I am going to spare you what turned out to be the most monotonous sequence of days. From Sept 4th to Sept 27th, I lost $5,098. Then I stopped for the month of October. Then I picked it up against my own better judgment, losing another $900 before I finally stopped and walked away for good from it on December 12, 2012. Three months of money losing taking me to a cumulative loss of $12,000. Done in 3 months.

How did I feel about it the whole time during those sad two months? Mostly, I felt a numbness. All it meant to me was nothing. I got obsessed with the idea of coming back. I had done it before and I kept telling myself in my heart that I could take it back to where it was. Perhaps coming back from that $7,000 was the worst thing that could have happened to me. It put in me the wrong-headed assumption that I could do it. That I had it in me. Perhaps it is better that they snuffed it out of me. No misconceptions. Tear the bandaid off.

Thinking About It

They say that the way to create good content on a blog is to do something and then write about it. With that particular person, I believe that they were referring to writing code but I think it applies here to life experiences too. I did this. I have to own it. So I wrote about it.

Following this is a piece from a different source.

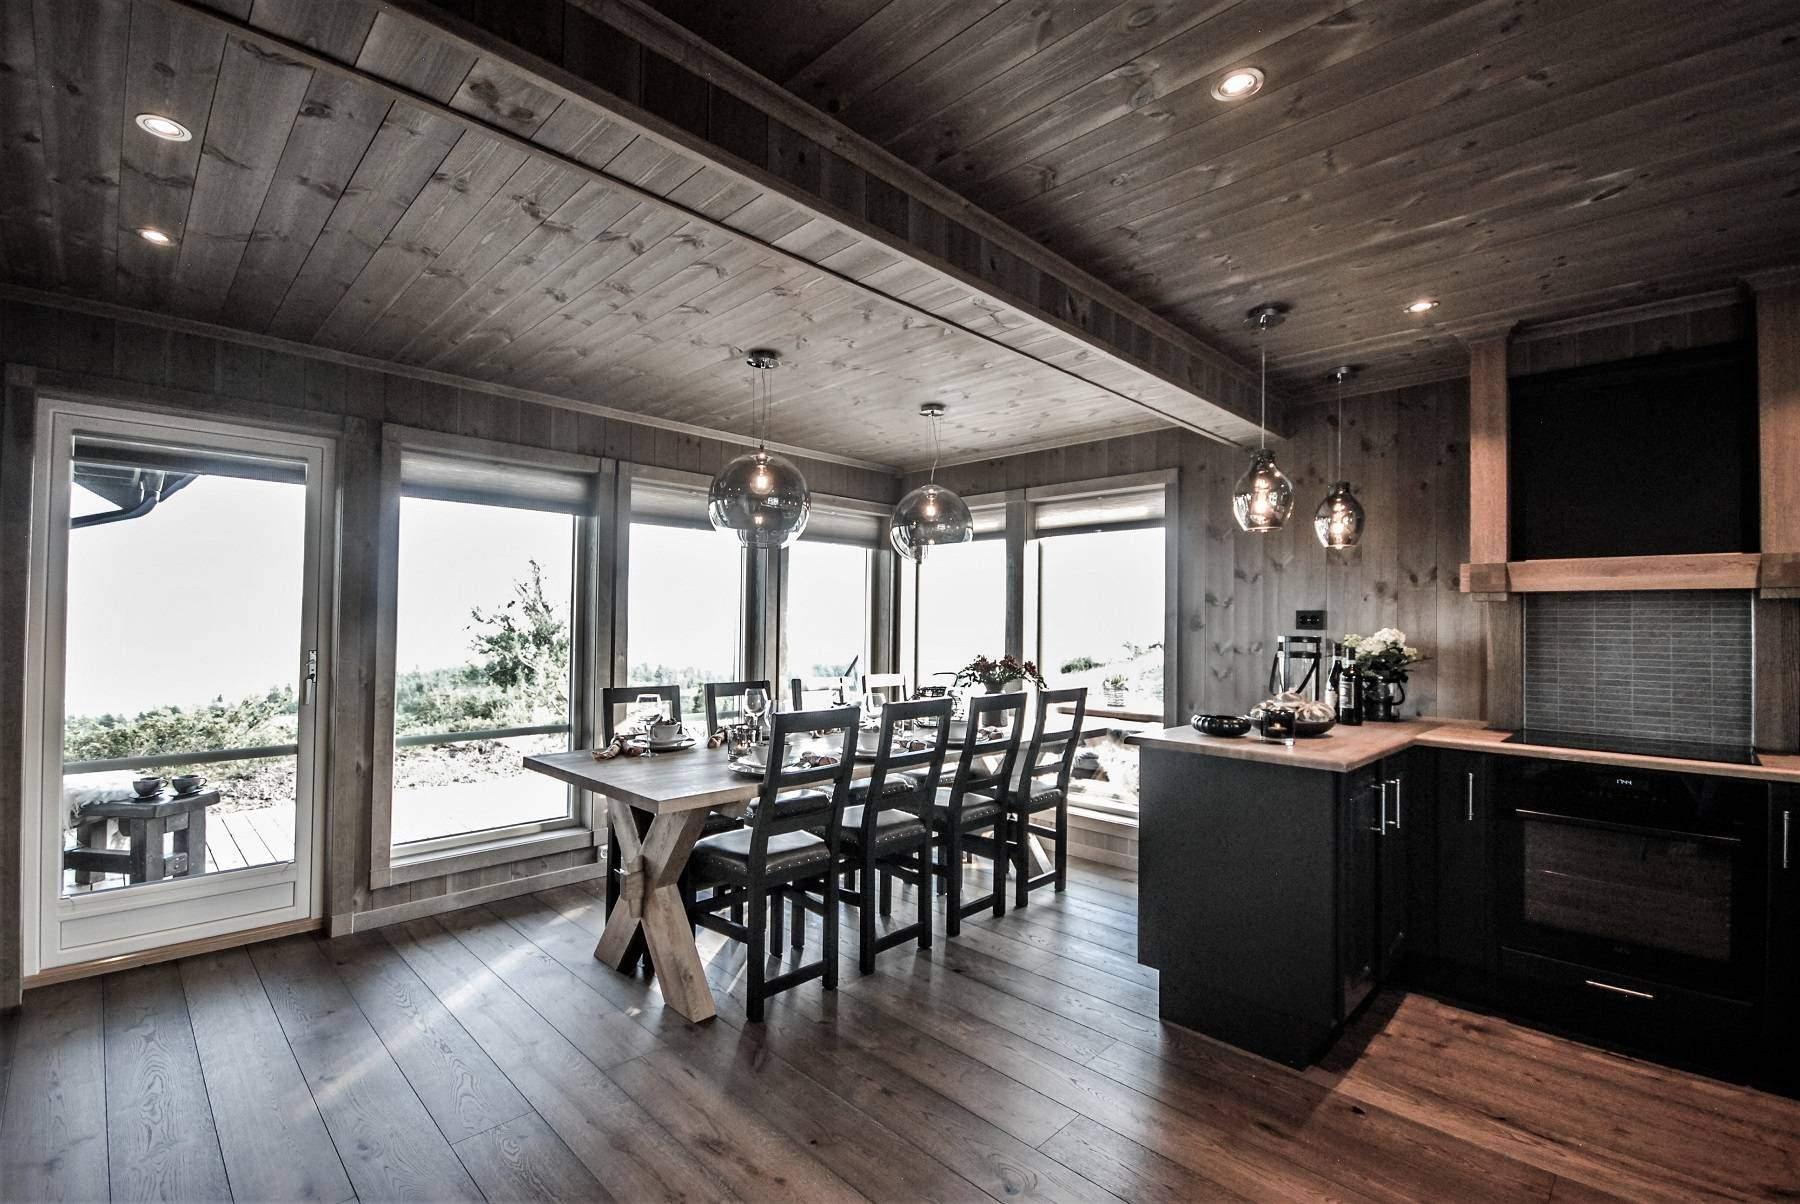 255 Hytteinteriør Hytteinspirasjon Storjuvtinden 114 på Nesbyen. Fantastisk naturopplevelse fra kjøkken og spiseplass

I know that there are people out there who can do this for a living and that they are good enough to make a healthy living out of it. They might in fact even be rich from it. I am not one of those people. I realized a long time ago that I did not have the patience, mental acuity and the sheer instincts to do well from it. It is just not in my wheelhouse, and I paid a good tuition to the market for learning that particular lesson.

On Dec 12, 2012, I had gone into that day knowing that this would be the last day. Unlike before, this really would be it. If I do not make some good green, I would take it as a message from the gods. I almost immediately lost $679 on 10 contracts of the AAPL Dec 14 ‘12 $530 Put. The first and only trade I made on that day. I sat there at the office with my head in my hands, a headache already at 7:12 AM. And then I stopped thinking about it and I walked away. For good. I started following a procedure that has done well for me many times before: Damnatio memoriae. Every twitter person I contacted about options advice. Gone. Every record I kept of my options trades, archived. Etrade’s emailed trade confirmations. Deleted.

I sometimes get the temptation to trade again. I try not to think about it. I eat peanut butter. I go take a walk. I open up my iPhone and read some articles. Or what works the best, I think about the nights I would feel when I am in bed staring at the ceiling because I cannot sleep because that morning I lost some $2,000 - $3,000 of life savings. Or being back at that Chinese food shop, with crappy chow mein in my face and the total lack of appetite. That usually does the trick.